In: Accounting
Using the formula sheet and Income Statement for FRS, solve the following ratios. I have given you the interpretation of each ratio – in other words, what it’s purpose is and what it is telling you about the company’s performance.
FANCY RETAIL STORE, INC. (FRS) INCOME STATEMENT
For the Year Ended December 31, 20XX
Gross Sales $500,000
Less: Sales Returns & Allowances $8,000
Sales Discounts 5,000 13,000
Net Sales Revenue $487,000
Cost of Goods Sold
Inventory, January 1, 20XX $80,000
Purchases $200,000
Less: Purchase Returns/Allow. 1,000
Purchase Discounts 500
Net Purchases 198,500
Plus: Freight-In 2,500 201,000
Goods Available for Sale 281,000
Less: Inventory, Dec. 31, 20XX 65,000
Cost of Goods Sold 216,000
Gross Margin 271,000
Operating Expenses
Salaries 25,000
Rent 25,000
Depreciation 1,000
Supplies 1,000
Total Operating Expenses 52,000
Operating Income 219,000
Other Revenue and (Expenses)
Interest Revenue 5,000 5,000
Income Before Tax 224,000
Taxes (30%) 67,200
Net Income $156,800
1. Gross Margin Ratio
Interpretation: How much of each dollar is left after subtracting COGS from sales. It is
your Gross Profit Margin before operating expenses have been deducted
2. Net Income Ratio
Interpretation: How much of each dollar earned by the company is pretax profit.
Measures the profitability of your company and is used primarily internally
3. Operating Expense Ratio
Interpretation: a measure of your operational financial efficiency. How much it costs to
market or sell products vs. how much income they generate. A cost/benefit analysis
4. Returns and Allowances Ratio
Interpretation: Can be a measure of customer dissatisfaction. You need to determine the reason they are returning items. Are your return policies too lenient? Do you have low quality or obsolete products. Compare year to year to make sure the rate isn’t increasing. It also depends on the size of the retailer - A 2% return rate for Walmart is very acceptable but a 2% return rate for a small mom and pop operator will likely put them out of business.
5. Inventory Turnover Ratio
Interpretation: Determines how often you are selling your total inventory annually. A turn over rate of 2 times means that you are selling all of your inventory every 6 months. Is this good? Again, it depends on the business. If you own a flower shop – this is terrible and you won’t stay in business. However, if you own a high end jewelry store, this is probably acceptable. If you need to boost your inventory turnover, then you will implement strategies such as price incentives to get people to buy more frequently.

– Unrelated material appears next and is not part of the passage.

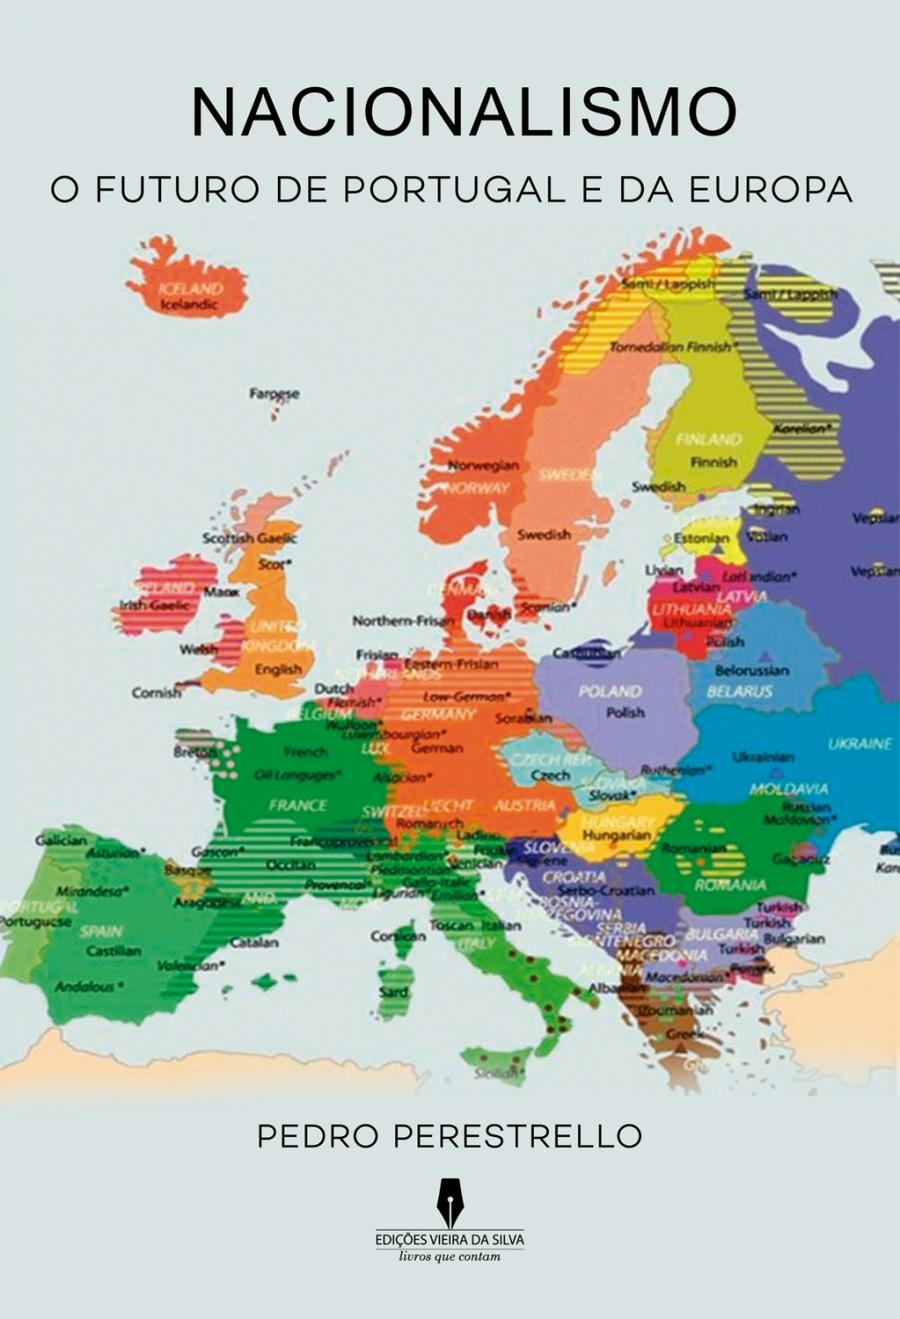 NACIONALISMO o futuro de Portugal e da europa – em debate na FNAC Oeiras

6. If FRS has a total invcstments of $1,000,000, then its Return on Investment is:
Interpretation: You always want to have the highest ROI (profit margin) as possible, so this will influence your pricing strategies. If FRS is a high end jewelry store, then they will increase ROI by charging higher prices because they have an inelastic consumer. However, if they are a lower priced, higher volume jewelry store, then they can’t raise their prices, but must contain their costs because they have an elastic market demand or consumer.